Гроссман хорошо относился к критику Федору Левину (в скобках не побоюсь сказать: потому что тот высоко ценил творчество Гроссмана), он жалел Левина, когда тот, по навету сослуживца-стихотворца Коваленкова, был судим и арестован на Северном фронте за необдуманно откровенные речи, но тот же Федор Левин, когда Ермилов выступил в "Правде" со статьей, уничтожающей пьесу "Если верить пифагорейцам", сказал Гроссману: "Поручили бы это мне, я написал бы мягче, деликатней", - так удивительно ли, что с тех пор Гроссман стал смотреть на него "угрюмо и грозно".

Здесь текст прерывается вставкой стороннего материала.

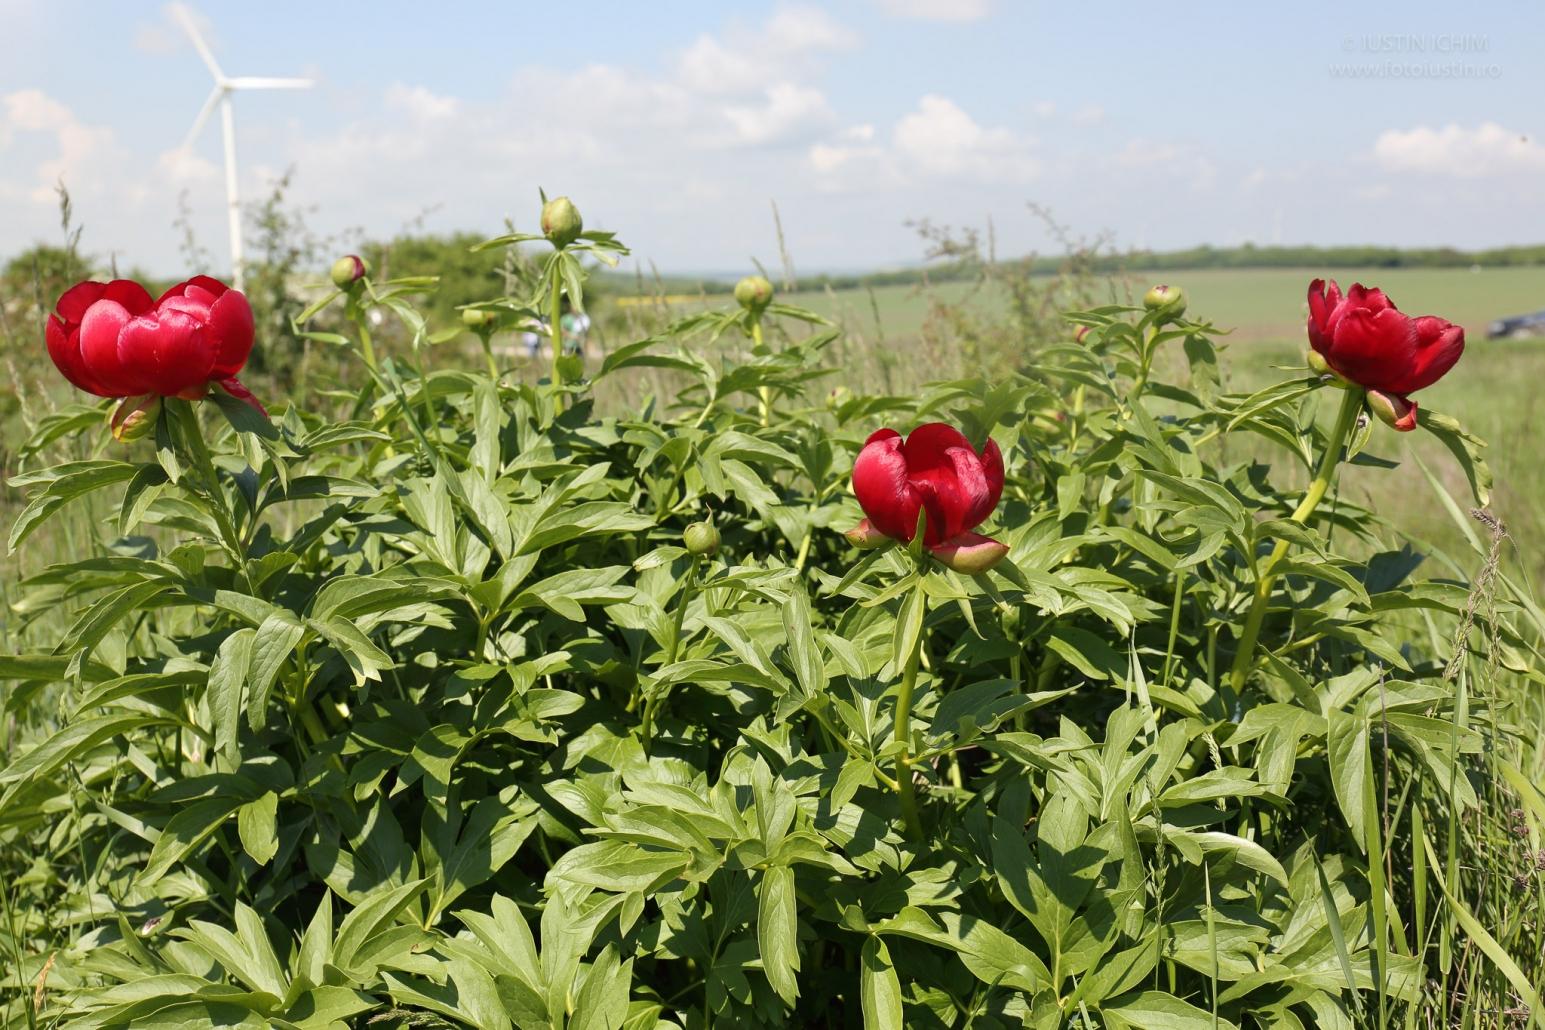 Bujorul sălbatic românesc, Paeonia peregrina Mill. var. romanica, Dobrogea

Был у Гроссмана приятель-поклонник Осип Черный. Он был Гроссману по душе не только как поклонник, но и как знаток музыки, которую Гроссман не столько знал, сколько любил. Однажды Черный сказал Гроссману: "Вы Веньяминчик", т. е. любимчик, тем самым объясняя невезением свое собственное положение в литературе. Гроссман ему ничего не ответил, но мне пересказал, значит, запомнил, обиделся. И вот Черный выпускает роман о музыкантах, в котором вслед за Сталиным нападает на формалистов, создающих сумбур вместо музыки, в героях романа легко угадываются прототипы Шостакович, Мясковский, Прокофьев. Эти композиторы не были близки Гроссману, он предпочитал им Моцарта или Бетховена, но Черный, лягающий их, вызвал его гнев, он и на него стал смотреть "угрюмо и грозно".
Не помню, кто рассказывал мне, что в Коктебеле в одно время с Гроссманом отдыхал Ардаматский, автор нашумевшего фашистского фельетона "Пиня из Жмеринки", напечатанного в "Крокодиле". Никто из порядочных людей не здоровался с Ардаматским, кроме Гроссмана, и на недоумение этих порядочных людей он отвечал: "Не вижу, почему Ардаматский хуже других, он такой же, как все, что же я, по-вашему, со всеми должен перестать здороваться?" - и эти слова крепко задели его собеседников.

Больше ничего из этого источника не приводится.